Wall Street Advances as Traders Mull Chances of Bigger Fed Rate Cut
Wall Street’s main indexes rose on Friday as investors reevaluated the possibility of a bigger interest rate cut by the Federal Reserve next week, while Photoshop maker Adobe tumbled after forecasting fourth-quarter earnings below estimates.
Traders’ bets of a 50-basis point rate cut jumped overnight, now standing at 43% compared with 14% on Thursday, CME’s FedWatch Tool showed.
Former New York Fed President Bill Dudley said there was a strong case for a 50-bps interest rate cut. Separate media reports calling the decision “a close call” also added to the uncertainty.
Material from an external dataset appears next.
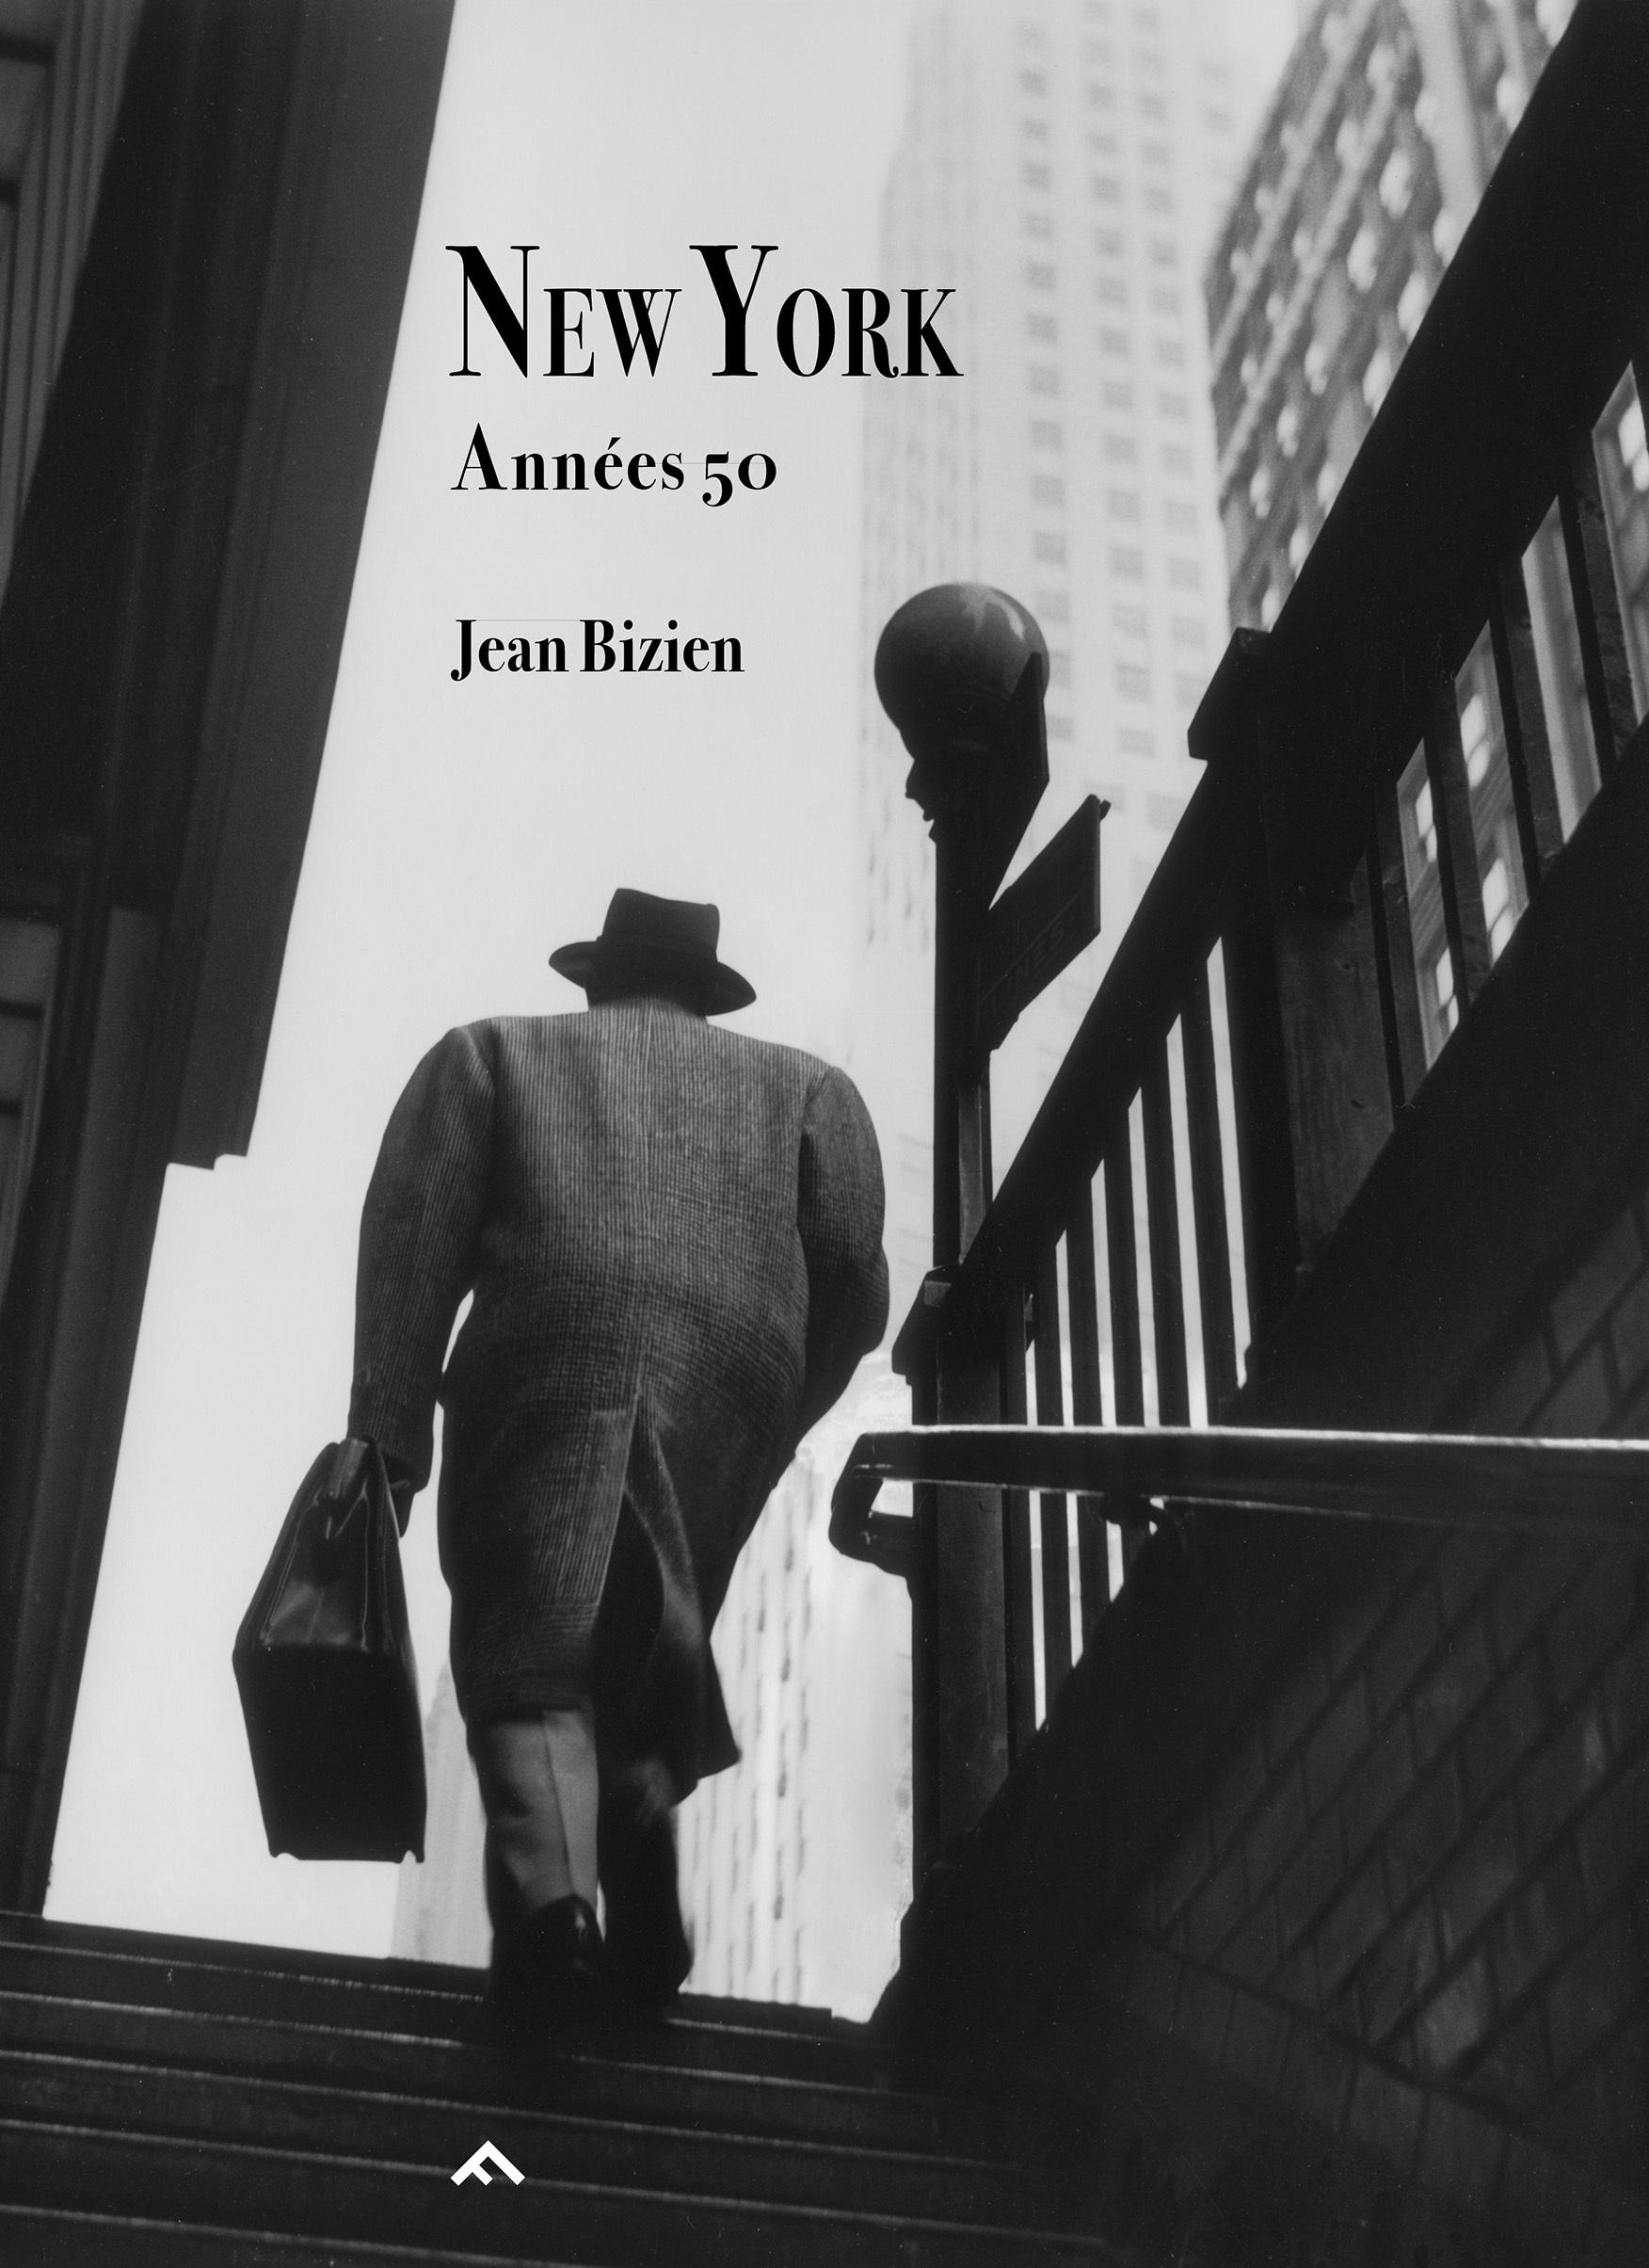 NEW YORK - ANNEES 50

“A couple of articles were published in the Wall Street Journal and the Financial Times suggesting that a 50-bps move was still in play, which has led markets to once again reevaluate their expectations,” Deutsche Bank analysts said.
The Russell 2000 small cap index, which tends to benefit in a lower-rate environment, outperformed with a 2.2% jump.
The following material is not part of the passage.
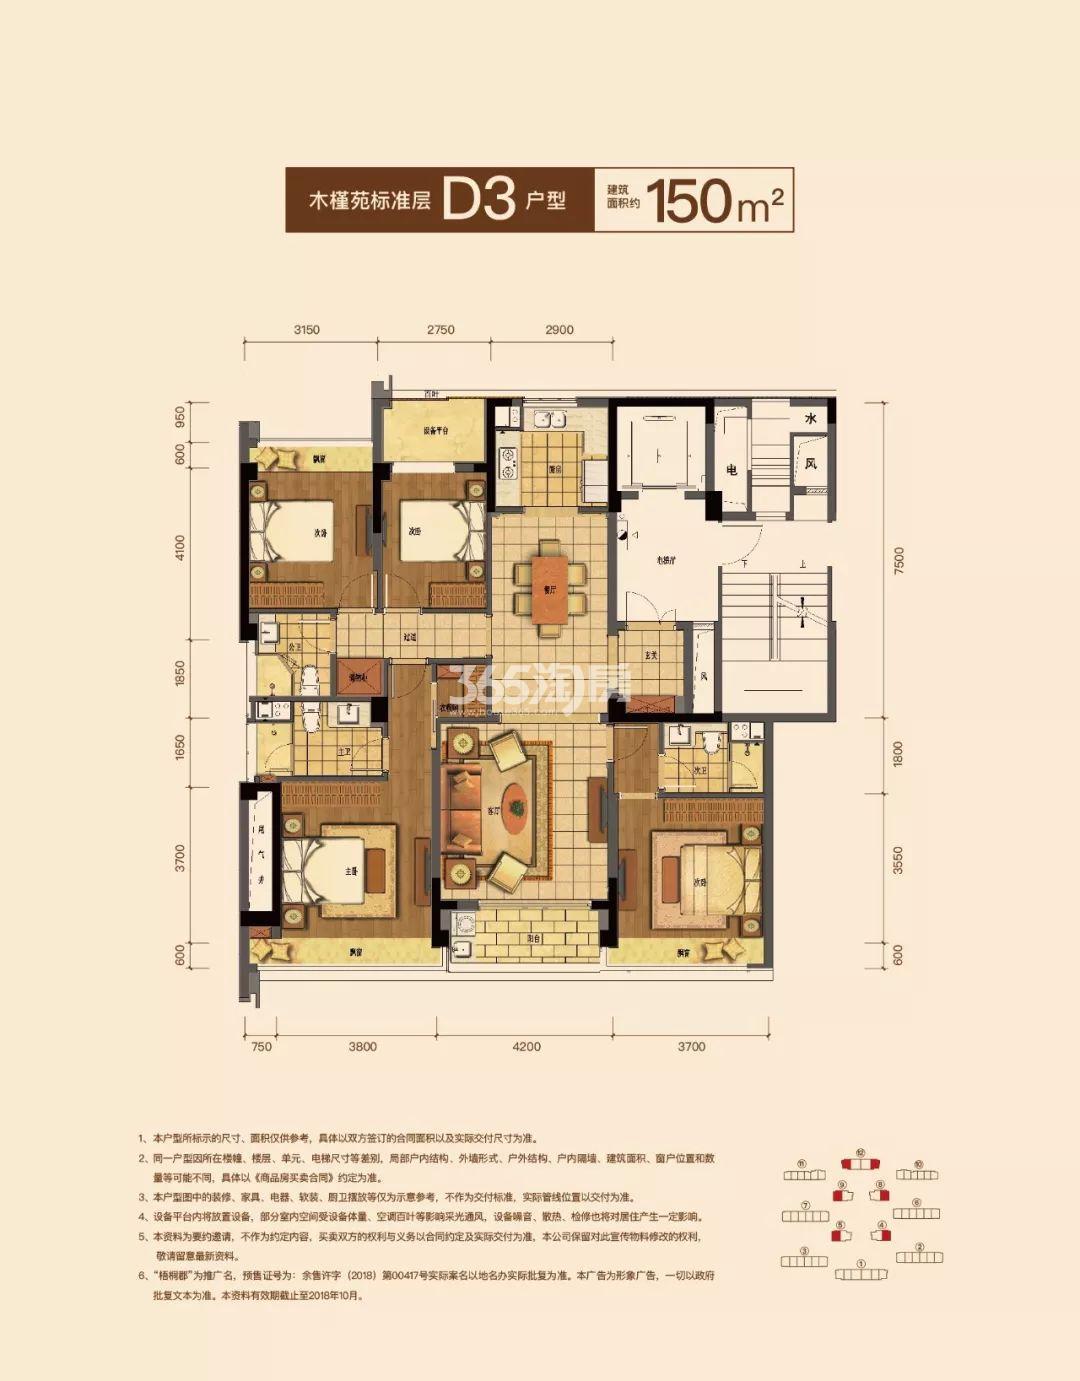 梧桐郡三期4、5、8、9、12号楼D3户型150方户型图

The market has been seeing a reversal in U.S. equity positioning over the past three days and investors are going long heading into the Fed meeting, said Michael James, managing director of equity trading at Wedbush Securities.
Bets of the Fed sticking to a smaller 25-bps cut had firmed on Thursday following a slightly higher producer prices report that followed the August consumer prices data.
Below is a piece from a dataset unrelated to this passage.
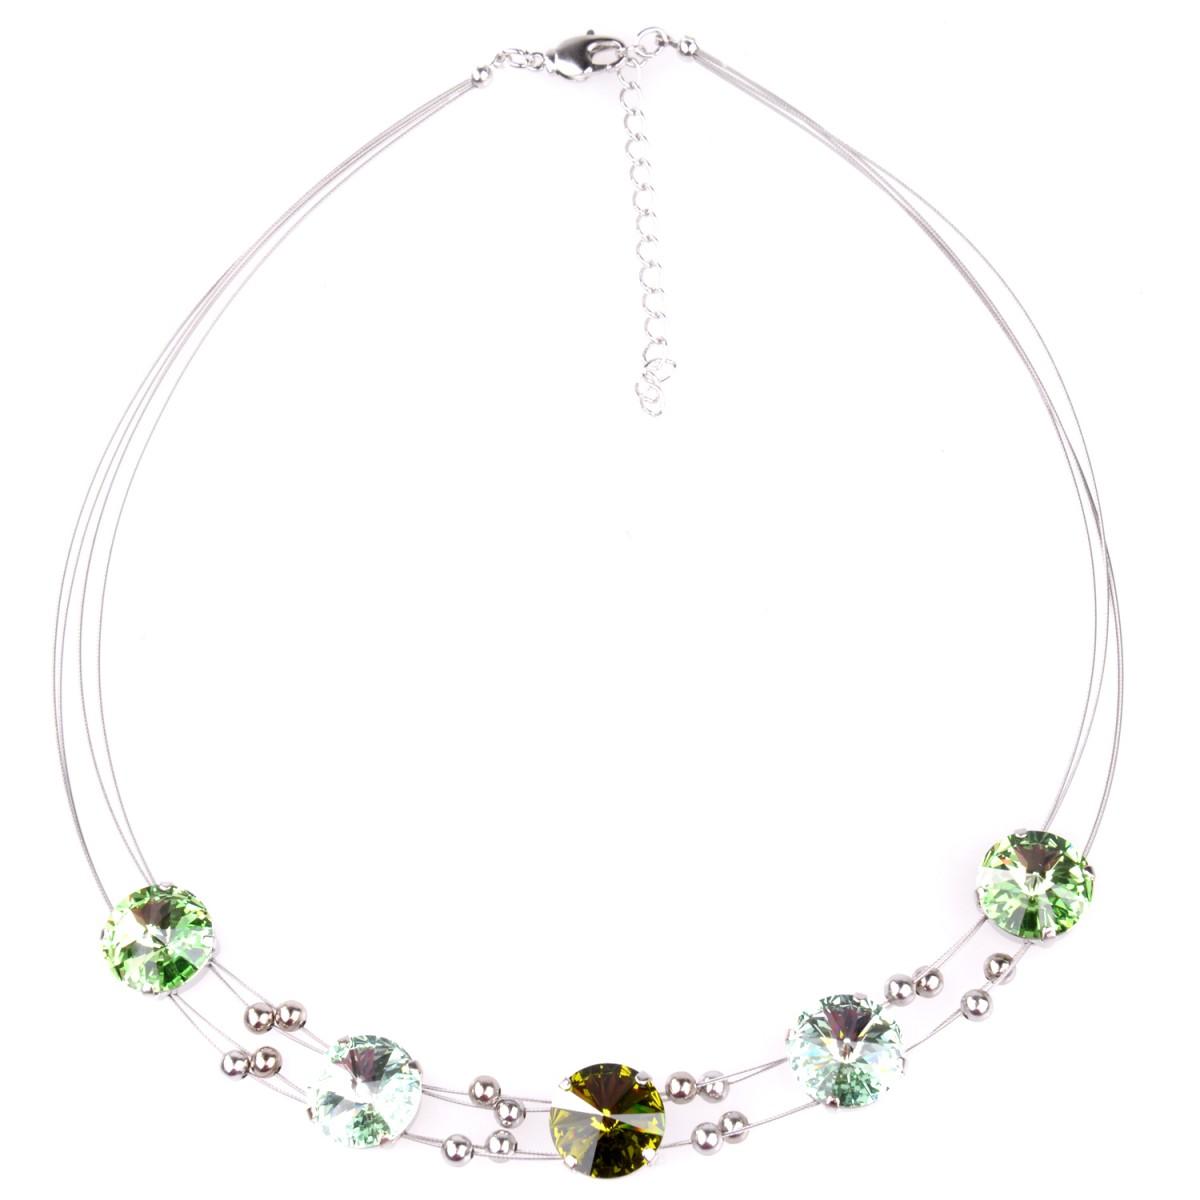 Halskette mit Swarovskisteine in Grün von Schlick Accessoires günstig online kaufen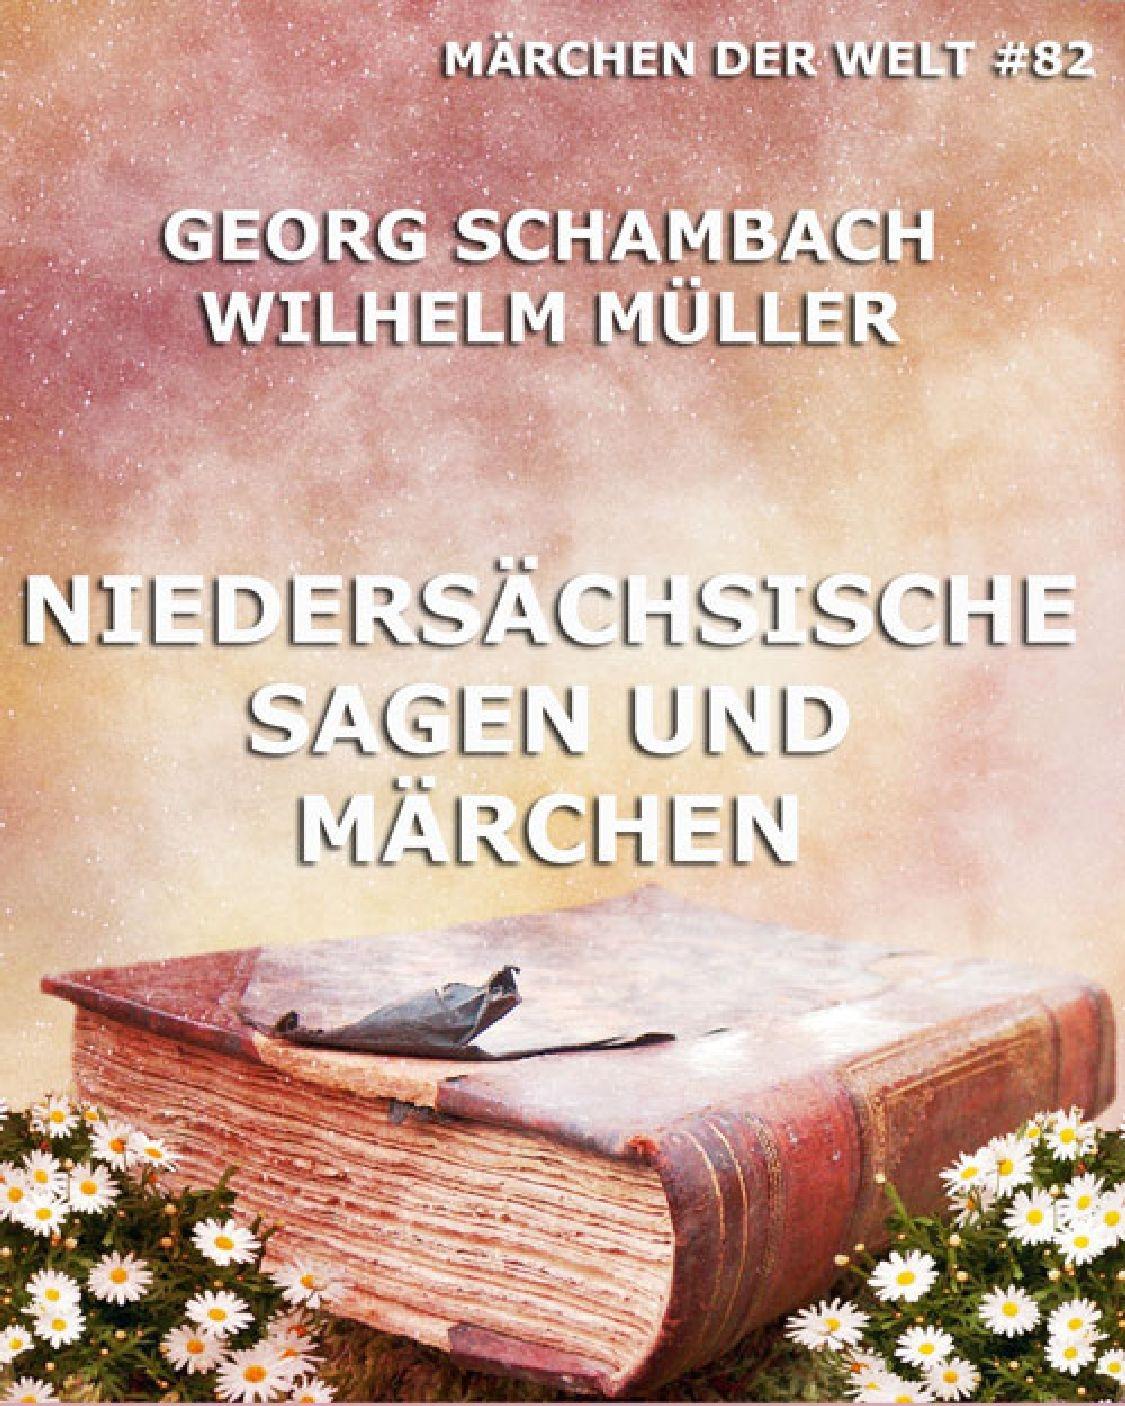 цена Georg Schambach Niedersächsische Sagen und Märchen

All 11 S&P 500 sectors edged higher on Friday, led by a 1.2% rise in materials stocks that tracked an increase in the prices of precious metals.
Meanwhile, a survey showed U.S. consumer sentiment improved in September amid subsiding inflation, though Americans remained cautious ahead of the November presidential election.
All the three major U.S. benchmark indexes were trading near a two-week high, on track to log solid weekly gains.
The Dow Jones Industrial Average rose 343.71 points, or 0.84%, to 41,440.48, the S&P 500 gained 31.29 points, or 0.56%, to 5,627.15 and the Nasdaq Composite gained 112.80 points, or 0.64%, to 17,682.47.
The Philadelphia SE Semiconductor index rose 1.4% to levels last seen on Sept. 2, with most chip stocks trading higher.
Among individual movers, Boeing pared losses and was last down 0.5% as its U.S. West Coast factory workers walked off the job early on Friday after overwhelmingly rejecting a contract deal.
Adobe slid 9.3% to a one-month low after forecasting fourth-quarter earnings below analysts’ estimates, while Oracle jumped 2.7% after the cloud computing company raised its fiscal 2026 revenue outlook.
Chinese e-commerce firm PDD Holdings lost 2.3% after the Biden administration said it was moving to curb low-value shipments entering the U.S. duty-free under the $800 “de minimis” threshold.
Uber gained 4.9% after the ride-hailing platform said it would bring autonomous ride-hailing to Austin, Texas, and Atlanta, in partnership with Alphabet’s Waymo.
Advancing issues outnumbered decliners for a 6.71-to-1 ratio on the NYSE and a 3.62-to-1 ratio on the Nasdaq.
The S&P 500 posted 50 new 52-week highs and no new low, while the Nasdaq Composite recorded 87 new highs and 36 new lows.